Is it 2 chars long or 4 chars long? (since it is 8 bytes long, and each WCHAR is 2 bytes)

UPDATE: Now I see that character-counting is not necessarily a standard-thing or a c++ thing even, so I'll try to be a little more specific in my second question, about the length in "characters" of a wide string:

On Windows, specifically, in Winapi, in their wide functions (ending with W), how does one count the numer of characters in a string that consists of 2 unicode codepoints, each consisting of 2 codeunits (total of 8 bytes)? Is such a string 2 characters long (the same as number of codepoints) or 4 characters long(the same as total number of codeunits?)

Or, being more generic: What does the windows definition of "number of characters in a wide string" mean, number of codepoints or number of codeunits?

Cray
  • 2,396
  • 19
  • 29
  • 1
    A UTF-16 code unit is always two bytes. A Unicode character may take up 1 or 2 code units. – President James K. Polk Jan 10 '11 at 23:07
  • 2
    Yeah. IMO UTF-16 is the worst of both worlds: always takes up more space than 8-bit encodings (like UCS-4), and does not have a constant codepoint size (like UTF-8). Granted, the latter not that important since combining codepoints makes it such that a logical character can always have variable size representation, but the former is worse than UTF-8. – ephemient Jan 10 '11 at 23:14
  • OK, so to answer my second question, a string of 2 UTF16 characters, where each character is 4 bytes long, is considered being 2-character long by all winapiW functions and such? – Cray Jan 10 '11 at 23:18
  • 1
    You can read this nice article: http://www.joelonsoftware.com/articles/Unicode.html – ruslik Jan 11 '11 at 00:07
  • ephemient, in light of this it seems especially strange that winapi uses UTF16 as their wide-format, not UTF8 (which would take a lot less space in 99% times), or a "full-unicode" format (in which characters would ALWAYS be of fixed size). – Cray Jan 11 '11 at 00:39
  • 1
    @Cray: UTF-16 (actually, UCS-2) *was* a convenient fixed-width encoding at the time that Windows NT was being developed. The expansion of Unicode beyond the BMP spoiled that. – dan04 Jan 11 '11 at 01:03
  • You still have this misconception. Characters aren't fixed size in any encoding scheme, also not in UTF-32. And because of that, having each codepoint represented by the same number of codeunits isn't that helpful. Also, text isn't really that big, unless you do very specialized applications, the size won't be an issue. So, the choice of UTF-8, UTF-16 or UTF-32 as in-memory storage has very little effect on most applications. – etarion Jan 11 '11 at 01:37
  • @etarion: don't confuse characters with glyphs. – Seva Alekseyev Jan 29 '11 at 02:00
  • @Seva: In the above text, "character" is "character" as defined by unicode. – etarion Jan 29 '11 at 09:28

8 Answers8

8

Short answer: No.

The size of a wchar_t—the basic character unit—is not defined by the C++ Standard (see section 3.9.1 paragraph 5). In practice, on Windows platforms it is two bytes long, and on Linux/Mac platforms it is four bytes long.

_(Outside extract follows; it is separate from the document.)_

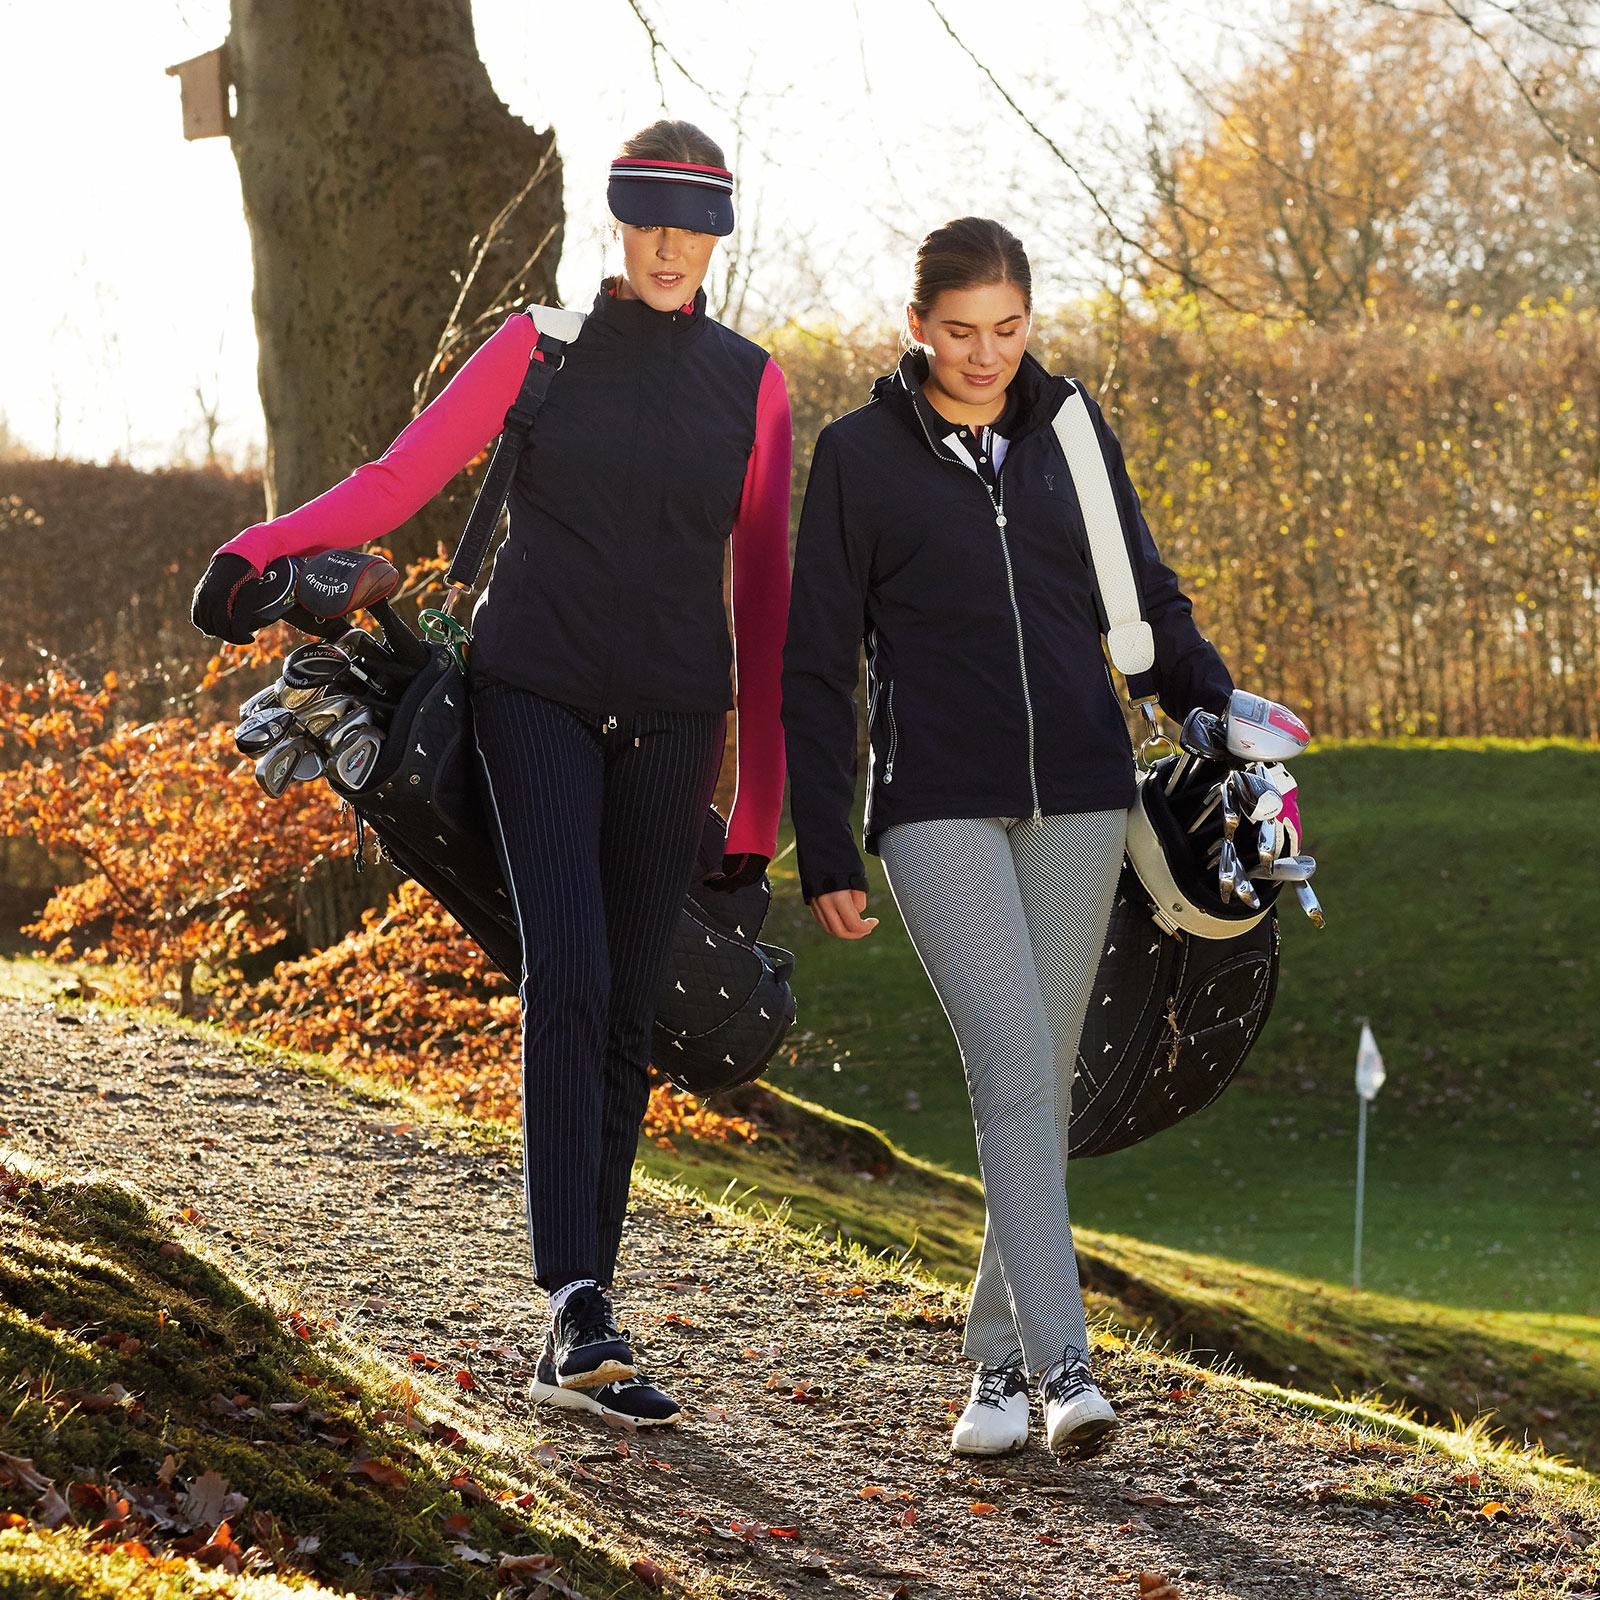 Gemusterte 7/8 Damen Golfhose mit Stretchfunktion im 5-Pocket-Stil

In addition, the characters are stored in an endian-specific format. On Windows this usually means little-endian, but it’s also valid for a wchar_t to contain big-endian data.

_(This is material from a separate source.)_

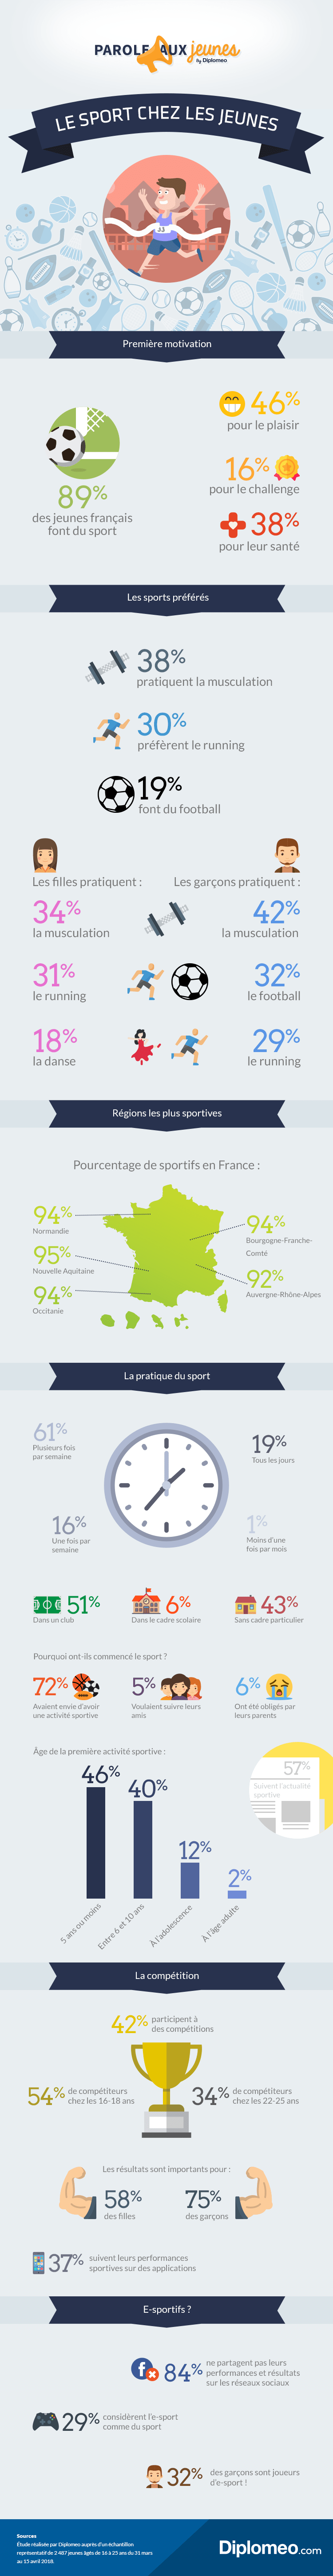 infographie sport

Furthermore, even though each wchar_t is two (or four) bytes long, an individual glyph (roughly, a character) could require multiple wchar_ts, and there may be more than one way to represent it.

A common example is the character é (LATIN SMALL LETTER E WITH ACUTE), code point 0x00E9. This can also be represented as “decomposed” code point sequence 0x0065 0x0301 (which is LATIN SMALL LETTER E followed by COMBINING ACUTE ACCENT). Both are valid; see the Wikipedia article on Unicode equivalence for more information.

Simply, you need to know or pick the encoding that you will be using. If dealing with Windows APIs, an easy choice is to assume everything is little-endian UTF-16 stored in 2-byte wchar_ts.

On Linux/Mac UTF-8 (with chars) is more common and APIs usually take UTF-8. wchar_t is seen to be wasteful because it uses 4 bytes per character.

For cross-platform programming, therefore, you may wish to work with UTF-8 internally and convert to UTF-16 on-the-fly when calling Windows APIs. Windows provides the MultiByteToWideChar and WideCharToMultiByte functions to do this, and you can also find wrappers that simplify using these functions, such as the ATL and MFC String Conversion Macros.

Update

The question has been updated to ask what Windows APIs mean when they ask for the “number of characters” in a string.

If the API says “size of the string in characters” they are referring to the number of wchar_ts (or the number of chars if you are compiling in non-Unicode mode for some reason). In that specific case you can ignore the fact that a Unicode character may take more than one wchar_t. Those APIs are just looking to fill a buffer and need to know how much room they have.

Nate
  • 18,752
  • 8
  • 48
  • 54
5

You seem to have several misconception.

There is a static type in C++, WCHAR, which is 2 bytes long. (always 2 bytes long obvisouly)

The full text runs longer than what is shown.